Introduction to linear transformations

Linear algebra, and algebra in general (algebra is one of the trinity of pure mathematics -- algebra, analysis and geometry) concerns itself with mathematical objects and their transformations.

Linear algebra actually deals with a specific kind of active/passive transformations, called linear transformations, but let's remain general for now, as our intention is to introduce algebra in entirety and try to understand the motivation to study linear algebra in particular.

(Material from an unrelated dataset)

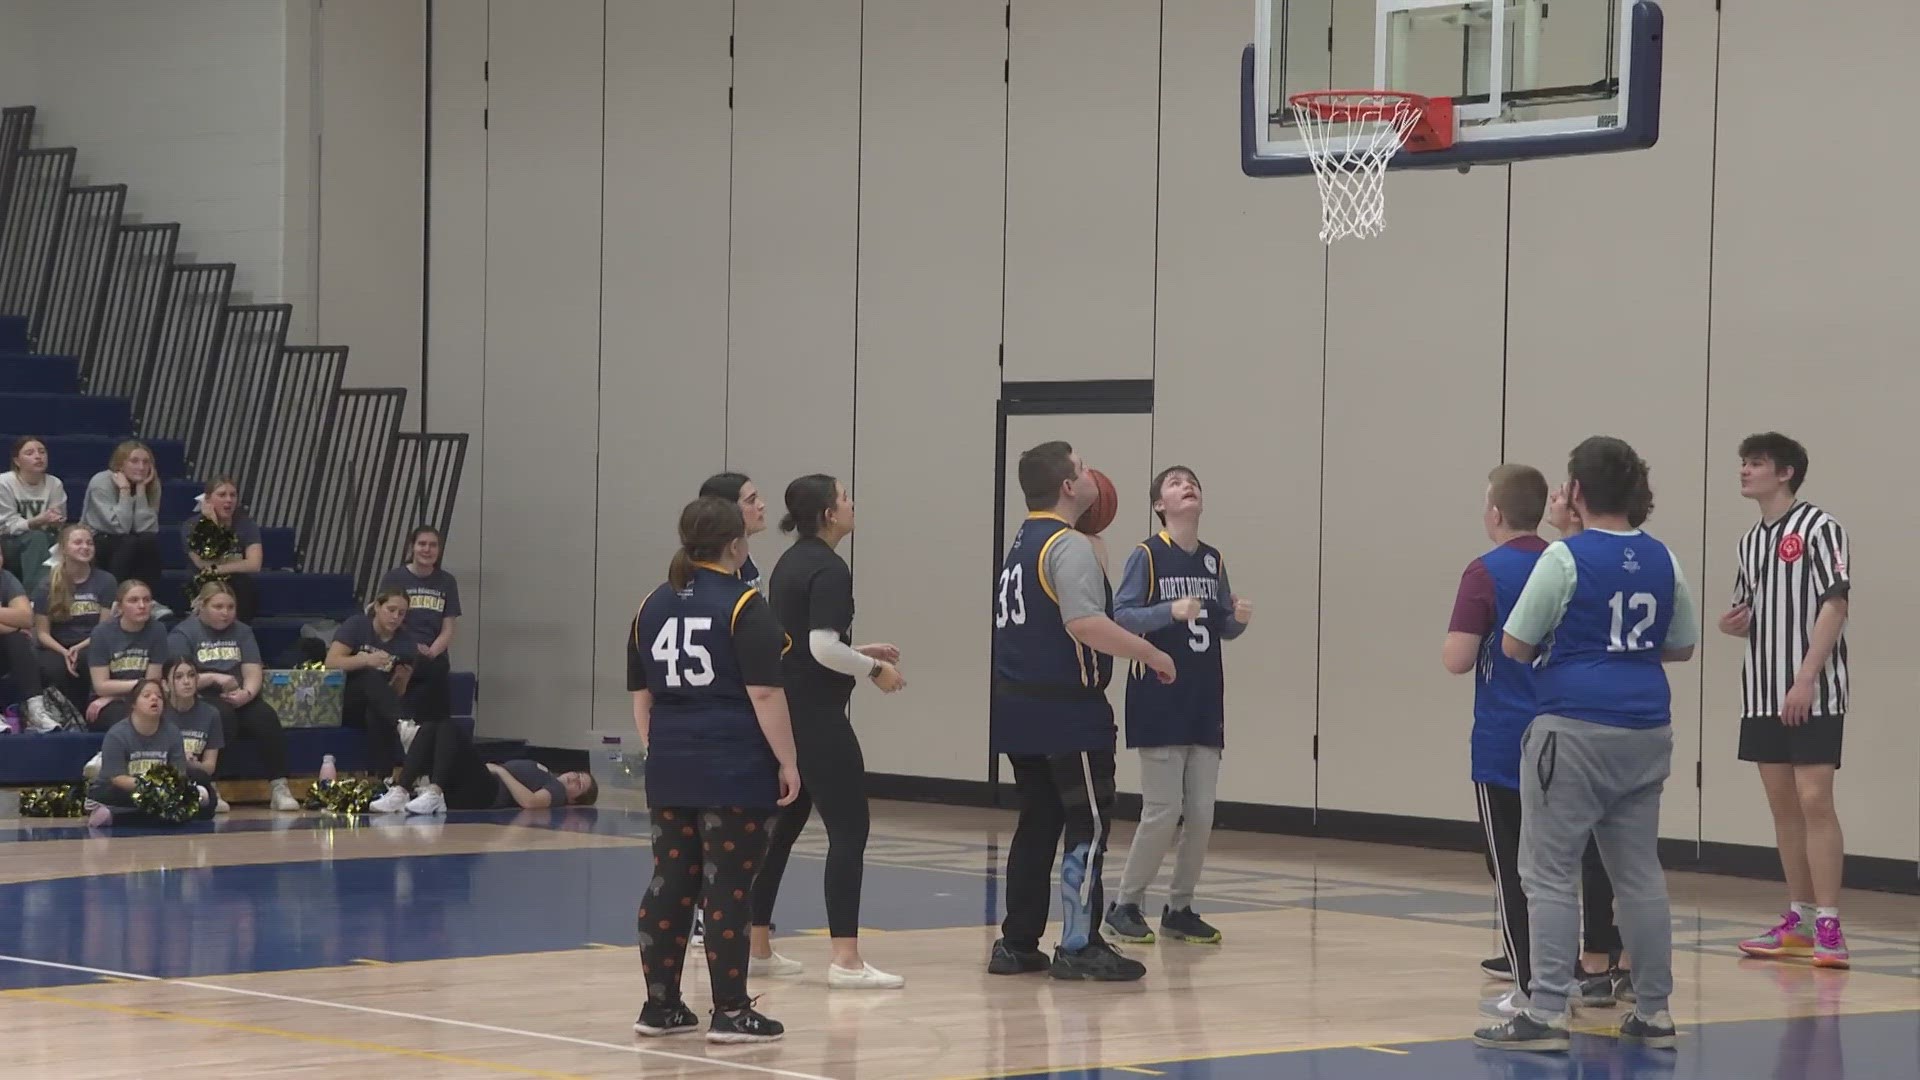 Players of varying abilities from schools across Northeast Ohio gathered in North Ridgeville Thursday for a Unified Sports basketball tournament.

There are two broad categories of mathematical objects that we call transformations: active and passive transformations. An active transformation is basically a function that maps an element (called a "vector") to another -- it involves actually changing the mathematical object in concern. On the other hand, a passive transformation is a transformation of the co-ordinate basis so that the representation in the basis transforms in precisely the opposite way as the basis so that the object itself remains the same.

A couple of analogies help reinforce this classification:
  • Numerical bases − Consider the number "101" in base 10. If we wanted to convert this into base 2, we would write 1100101. This is a passive transformation -- the actual mathematical object (101) remains the same, while the representation changes. On the other hand, suppose we kept the representation "101" but instead talked about the number that was 101 in base 2 (i.e. 5). This is an active transformation, because the actual number has stayed the same -- it's just that our "basis vectors" (1, 10, 100...) have been transformed to a new basis (1, 2, 4...) and our mathematical object itself, which is always the linear sum of 1 times the third basis "vector" (100 or 4) plus 0 times the second basis vector (10 or 2) plus 1 times the first basis vector (1 or 1) has transformed under this transformation.
  • Definitions − Suppose I made the statement "Bananas are yellow". This statement is true. But now if I were to redefine the word "banana" to mean what we usually call (or to be more precise, called in our previous system of definitions) "apple", then the statement would be false (the property of truth is not invariant under the transformation). This was an active transformation. On the other hand, if we redefined "apples" to mean "bananas" and changed the form of the sentence to read "Apples are yellow", the statement remains the same, and it remains true. This is a passive transformation.

An example of a co-ordinate (passive) transformation would be $(x,y)\rightarrow(\sqrt{x^2+y^2},\arctan y/x)$, which converts from Cartesian to polar co-ordinates. Alternatively, one could create an active transformation where $r$ takes on the value of the former x-coordinate and $\theta$ takes on the value of the former y-coordinate. It would be clumsy and pointless in this case, but it could be done.

Both passive and active transformations find a variety of uses in physics -- passive transformations are of central importance in relativity, while active transformations are an important tool in quantum mechanics.

Linear algebra deals with a specific kind of transformations, called linear transformations. A linear transformation is a transformation that satisfies the property that $L(ax+by)=aL(x)+bL(y)$ where L is the linear transformation, a and b are objects called "scalars", and x and y are objects called "vectors". Another way of putting this is that a linear transformation commutes with every linear sum operator.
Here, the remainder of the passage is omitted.